Мои вопросы поставили Асу в тупик, всех остальных тоже. Только Молчун знал о тех бумагах. Молчун и, может быть, Шепот, ведь они когда-то принадлежали ей.

– Аса, напряги память! Он обращался с чем-нибудь как-то необычно?

Коротышку осенило:

– Был ящик размером с гроб. Помню, я пошутил насчет него, а Ворон ответил загадочно: мол, это чей-то пропуск в могилу.

Я улыбнулся. Бумаги все еще существуют.

– И что сделал Ворон с этим ящиком?

– Не знаю.

– Аса!

– Честно не знаю. Я видел его всего пару раз, на судне. И не придал значения.

– К чему ты клонишь, Костоправ? – спросил Капитан.

– У меня есть версия. Она основана на том, что́ я знаю об Асе и Вороне.

Все заворчали.

– То, что мы знаем о Вороне, позволяет допустить, что он не взял бы с собой на юг никчёму и пустомелю. Но все-таки он прихватил разговорчивого и ненадежного Асу. Зачем? Парни, может, вас это не волнует, зато волнует меня.

– Не уловил, – сказал Капитан.

– Допустим, Ворон решил исчезнуть так, чтобы никому даже в голову не пришло его искать. Один раз он уже попытался убежать и забрался в Можжевельник. Но тут явились мы. Он решил, что по его душу. Как теперь быть? А почему бы на этот раз не умереть при свидетелях? Кто станет охотиться за мертвецом?

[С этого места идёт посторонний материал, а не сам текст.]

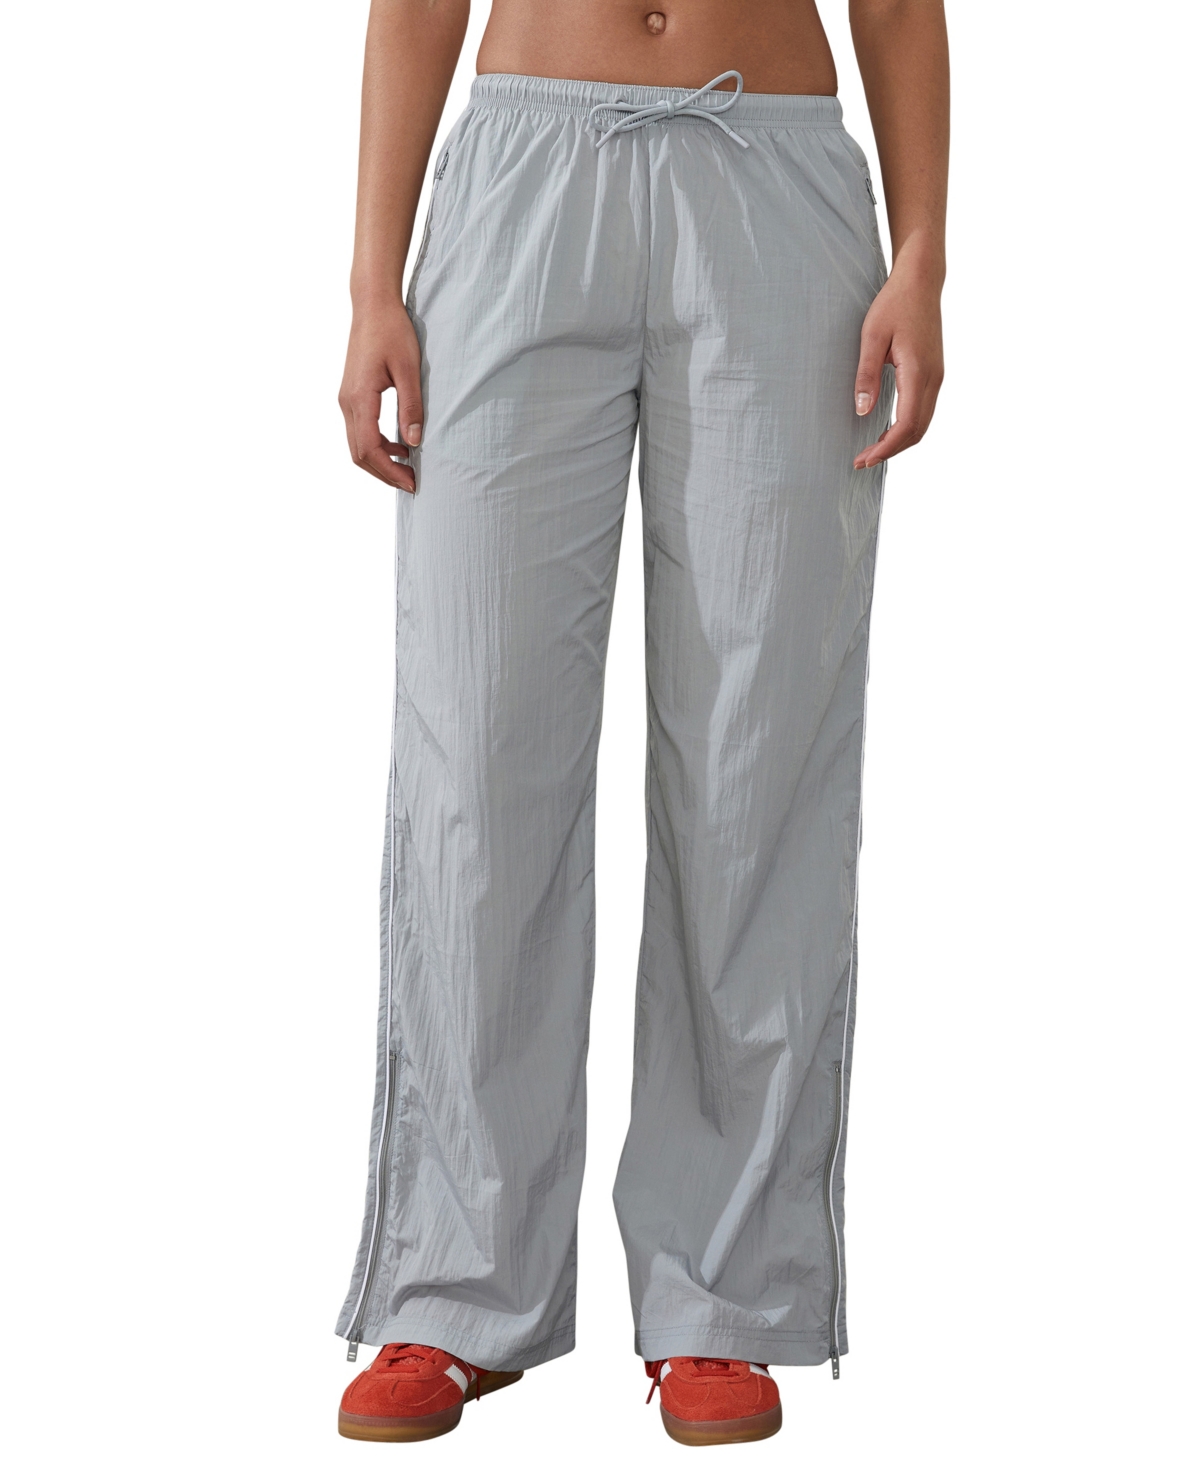 Women's Warm Up Woven Pants - Cool Gray, Piping

– Ты считаешь, – прервал меня Эльмо, – что он инсценировал свою смерть и послал Асу рассказать об этом, чтобы его не вздумали искать?

– Я считаю, что нельзя исключать такую возможность.

Единственным ответом Капитана было задумчивое «гм…».

– Но Аса видел его мертвым, – сказал Гоблин.

– Может быть. А может, ему только показалось.

Все посмотрели на Асу. Тот совсем перетрусил.

– Возьми-ка его, Одноглазый, – сказал Капитан, – и прогони всю историю с самого начала. Шаг за шагом.

Два часа Одноглазый мучил коротышку, но не нашел ни единой зацепки. Аса настаивал, что видел Ворона мертвым, выеденным изнутри какой-то тварью, похожей на змею. И чем больше трещин давала моя версия, тем сильнее я убеждался, что она верна.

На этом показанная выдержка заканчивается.